Why are opioids so dangerous?
You may have heard that there is an opioid crisis in the United States with people becoming addicted to pain killers, overdosing, and dying. Even though the Trump administration has identified the opioid epidemic as a “public health emergency,” a recent public opinion poll suggested that Americans aren’t as concerned as they should be. The public sees opioid addiction as a second tier national problem, and few people (7%) worry that they themselves could become addicted to prescribed pain medication. That being said, opioid overdose is the number one cause of accidental deaths in the United States, outpacing gun-related deaths by more than four times.
What is an “opioid” drug?
Opioids are a class of drugs that interact with the same receptors on nerve cells in the body and brain. They influence pain perception and can produce feelings of both nausea and euphoria. Drugs in this class vary in strength and potency, from the illegally-produced heroin and opium, to synthetic (and semi-synthetic) prescription drugs including Fentanyl, Demerol, Dilaudid, methadone, oxycodone, hydrocodone, codeine, tramadol, and morphine.
Why are they addictive?
Because they can be effective pain relievers and also have the potential to produce euphoria, they may become addictive. It is estimated that 54 million Americans (more than 20 percent of those aged 12 and older) have used prescription opioids for nonmedical reasons at least once in their lifetime. An estimated 25 million Americans are living with chronic pain conditions (defined as pain every day for at least 3 months).
So we have a perfect storm: millions of Americans in pain, and pain medicines that have euphoric side effects.
The other challenge with opioid medications is that the body habituates to them fairly rapidly, requiring higher doses to produce the same effect (known as drug “tolerance”), and causing unpleasant withdrawal symptoms (such as sweating, agitation, anxiety, muscle aches, insomnia, diarrhea, and vomiting) if they are discontinued too rapidly.
When ceasing an opioid medication produces withdrawal symptoms, the body is considered to be “dependent” on the drug to maintain its homeostasis (i.e. feeling “normal”).
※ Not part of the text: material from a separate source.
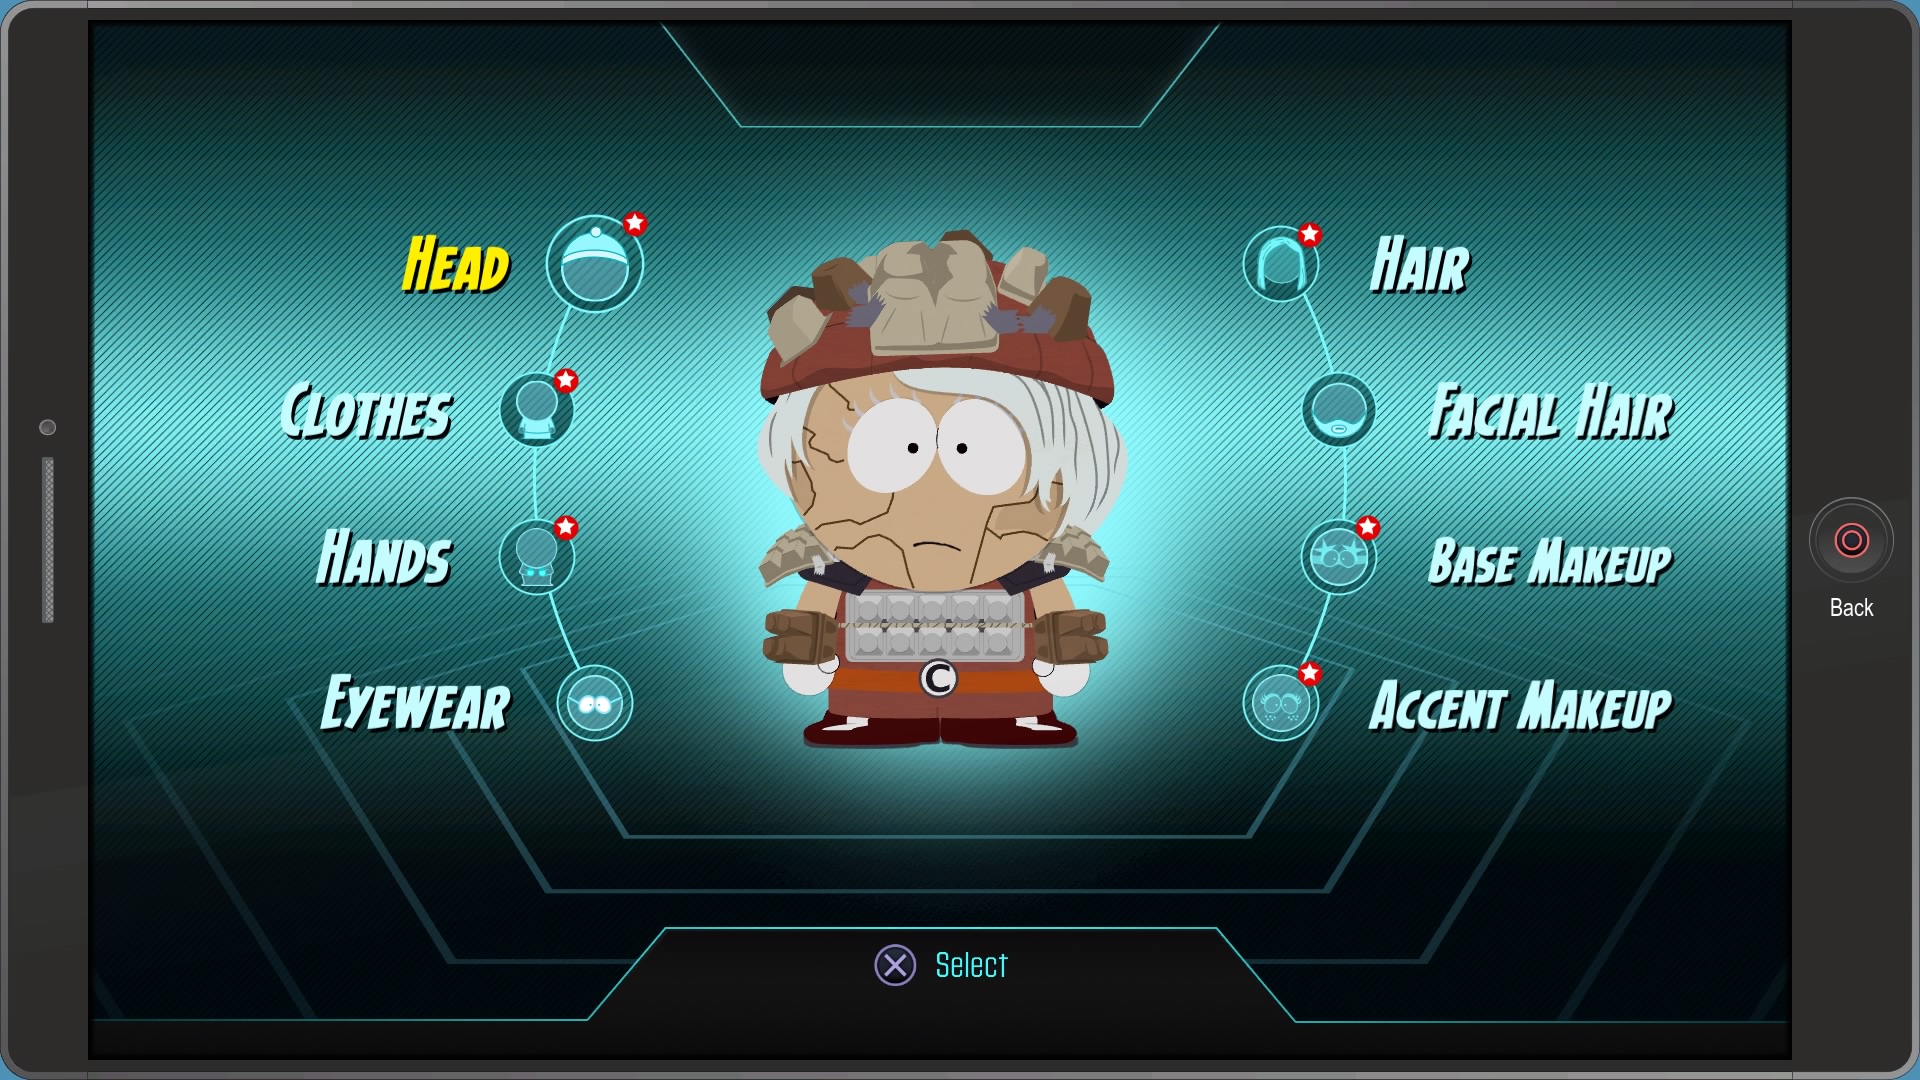 south park the fractured but whole pc controller stops working in combat

Dependency is not addiction, but it can occur as quickly as a day or two after starting a pain medication. So if you take opioid pain medicine, you may well encounter withdrawal symptoms when you taper down to discontinue it. It’s important to recognize this, and resist the urge to treat the symptoms with more opioid. Studies show that the longer you take pain medicine, the more likely you are to become addicted to it.
Among people given enough pain pills for eight days or more, 13.5 percent are still using them a year later. Among those given a month-long prescription, that rate climbs to 30 percent.
What can you do to avoid opioid dependence or abuse?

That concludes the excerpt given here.